When the score statistics Uk and their variance (${\rm diag}(\mathbf{V}_k)$) are available, the covariance matrix Vk can be approximated as $$ \mathbf{V}_k \approx {\rm diag}(\mathbf{V}_k)^{1/2} \mathbf{R} {\rm diag}(\mathbf{V}_k)^{1/2}, $$ where R = {Rjℓ}j, ℓ = 1m is the SNP correlation matrix estimated either from the working genotypes or the external reference (Hu et al. (2013)). This transformation has been implemented in function Get_UV_from_varU.
data("varU.example")
attach(varU.example)
obs.stat <- Get_UV_from_varU(U = U, varU = varU, R= R)
obs.stat$U
## $LDL
## 1:150551327 1:150551576 1:150551649 1:150550965 1:150551447 1:150550761
## -268.5912258 31.2170161 -12.7574302 4.2199502 0.8814878 3.2751963
##
## $HDL
## 1:150551327 1:150551576 1:150551649 1:150550965 1:150551447 1:150550761
## 229.0655499 21.4970739 -18.7336436 -0.1519353 -3.7007466 -12.8477062
##
## $TG
## 1:150551327 1:150551576 1:150551649 1:150550965 1:150551447 1:150550761
## -363.297279 -11.531591 -1.618765 -2.521649 1.127816 6.706268
When the genetic effect estimates $\widehat{\mathbf{\beta}}_{k} = \{\widehat{\beta}_{kj} \}_{j=1}^m$ and their standard error sek = {sekj}j = 1m are available, we can approximate Uk = {Ukj}j = 1m and Vk = {Vkjℓ}j, ℓ = 1m as Ukj ≈ β̂kj/sekj2 and Vkjℓ ≈ Rjℓ/(sekjsekℓ) via function Get_UV_from_beta.
data("beta.example")
attach(beta.example)
obs.stat <- Get_UV_from_beta(Beta = Beta, Beta.se = Beta.se, R = R)
detach(beta.example)
It took less than 0.05 second to calculate the summary statistics for a gene with 10 rare variants.
If all the traits are from one study or from multiple studies with overlapping subjects, the genetic effect estimates among traits are correlated. To calculate the covariances of these genetic effects, we need to first compute zeta – the among-trait covariances of Z-scores for the SNPs that are not associated with the traits (details in Luo et al. (2019)). In function Get_zeta, we ask users to input a vector of Z-scores from genome-wide association tests between common variants and each trait. The function will conduct LD pruning (by using the reference independent SNP list in 1000 Genome), remove SNPs with p-value < 0.05 (default p-value cutoff threshold), and compute zeta.

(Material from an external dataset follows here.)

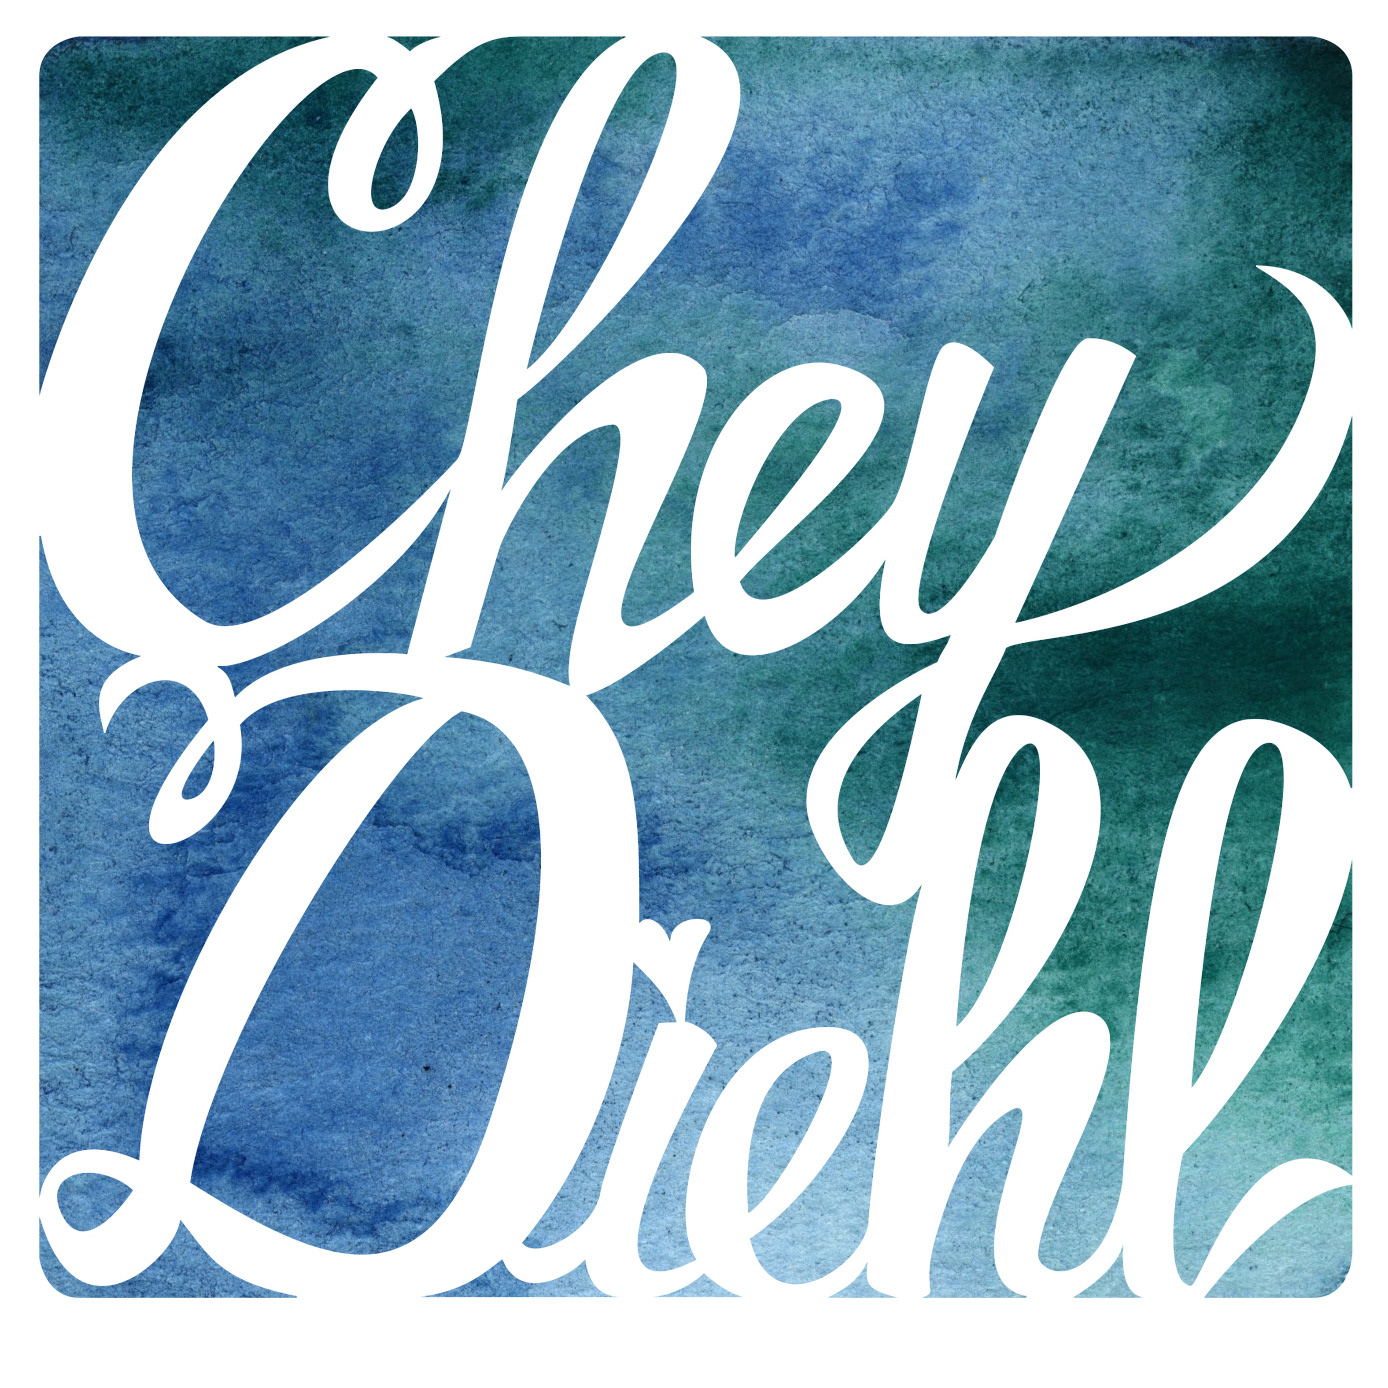 Chey Diehl

Here we showed a simplified example of estimating matrix zeta, we extracted a subset of 737 null and common SNPs from chromosome 1 in the Global Lipids Genetics Consortium (GLGC, Liu et al. (2017)). After filtering out those dependent SNPs, there are only 137 SNPs remaining. The computation time of estimating zeta with 737 null and common SNPs is less than 4 seconds.
data("zeta.example")
attach(zeta.example)
# Downloading independent common SNPs from 1000Genome data set.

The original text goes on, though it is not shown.